The determination and pronouncement of when a person has died has medical, ethical, and legal implications. Laws vary from state to state, and death is usually defined in a state’s statutes.
Definitions and terminology may vary from state to state but generally a person is dead when, according to ordinary standards of medical practice, there is irreversible cessation of the person's spontaneous respiratory and circulatory functions. If artificial means of support preclude a determination that a person's spontaneous respiratory and circulatory functions have ceased, the person is dead when, in the announced opinion of a physician, according to ordinary standards of medical practice, there is irreversible cessation of all spontaneous brain function.
Death occurs when the relevant functions cease. But a formal pronouncement of death is not a legal determination of the cause, manner, or time of death.

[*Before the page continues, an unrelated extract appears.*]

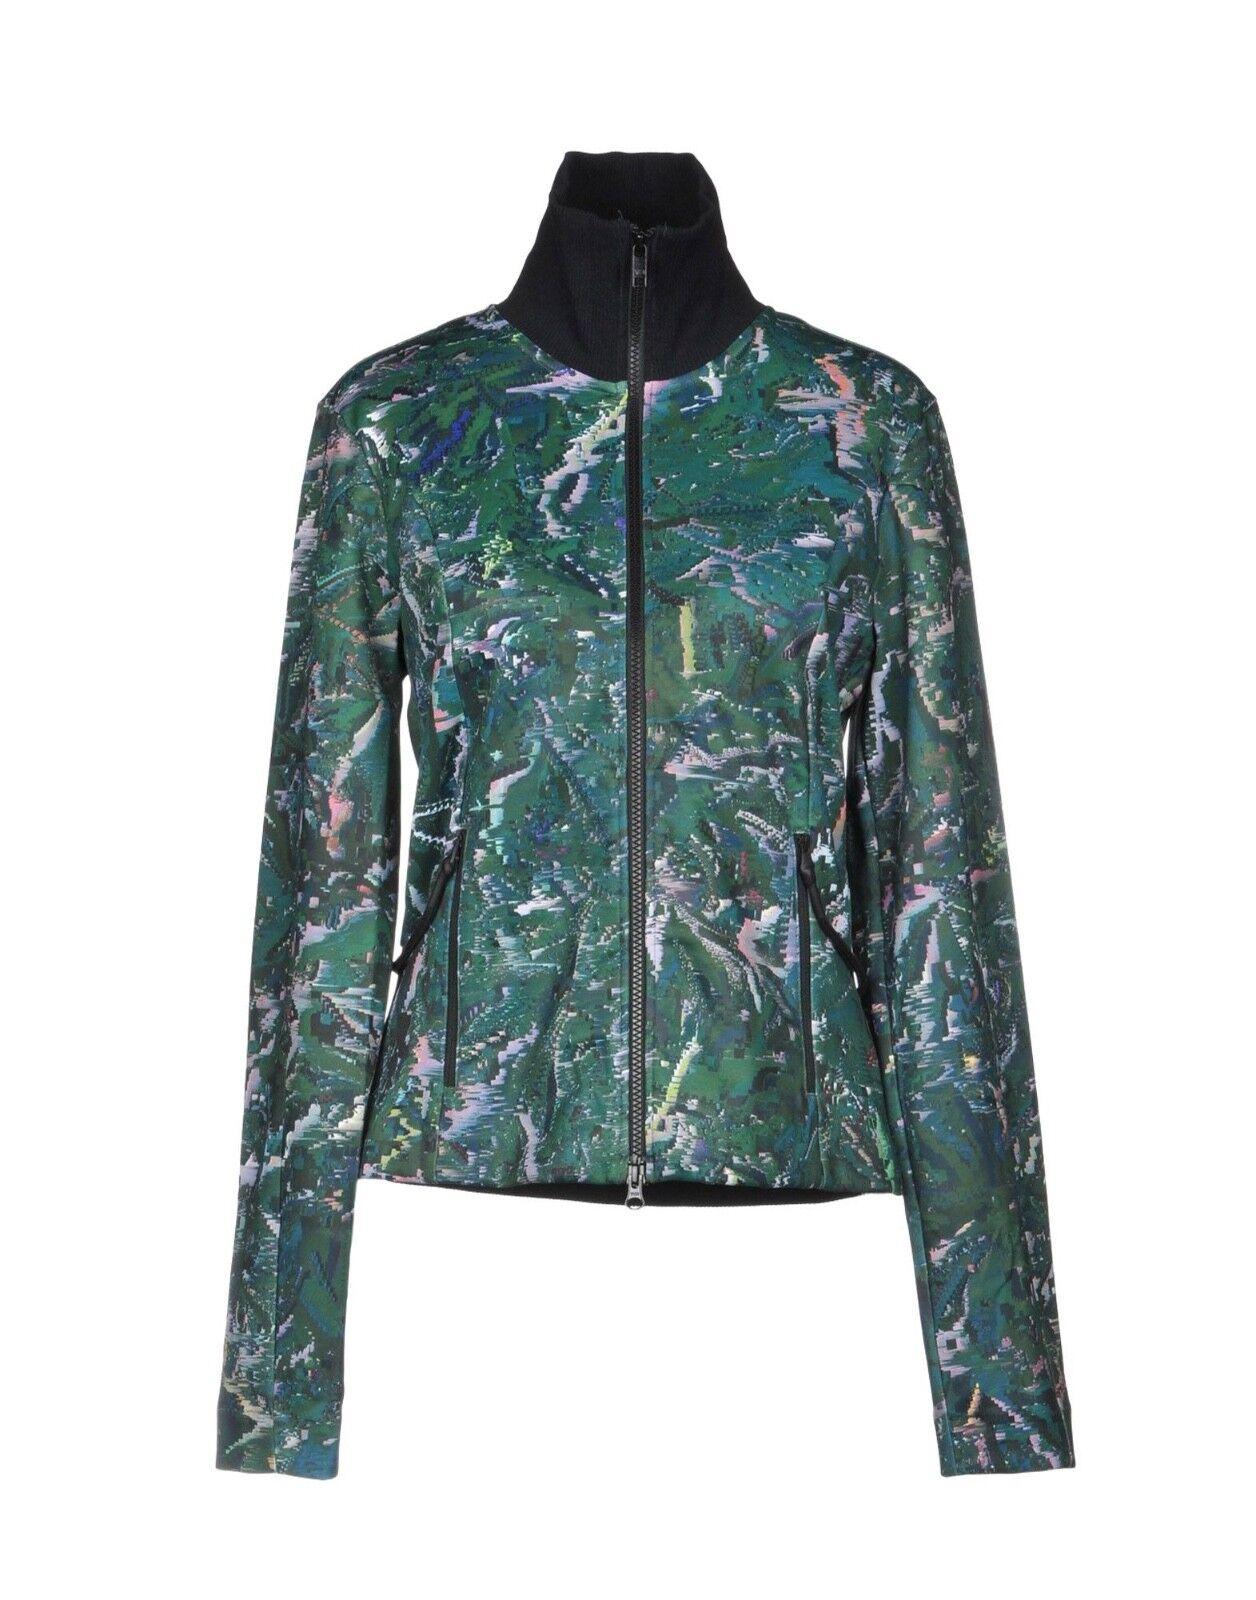 Y-3 Yohji Yamamoto Woherren Turtleneck Stretch Sweatshirt Grün Abstract Größe M

In Arkansas, the determination of death is governed by state statutes which align with the general medical and legal standards for defining death. According to Arkansas Code Annotated § 20-17-101, a person is legally dead when there is an irreversible cessation of circulatory and respiratory functions, or when there is an irreversible cessation of all functions of the entire brain, including the brain stem. This determination must be made in accordance with accepted medical standards. The use of artificial means of support may necessitate the latter definition, focusing on brain function, to declare death. It is important to note that while a physician can pronounce death, this pronouncement does not establish the legal cause, manner, or exact time of death; those determinations are typically made by a coroner or medical examiner through further investigation.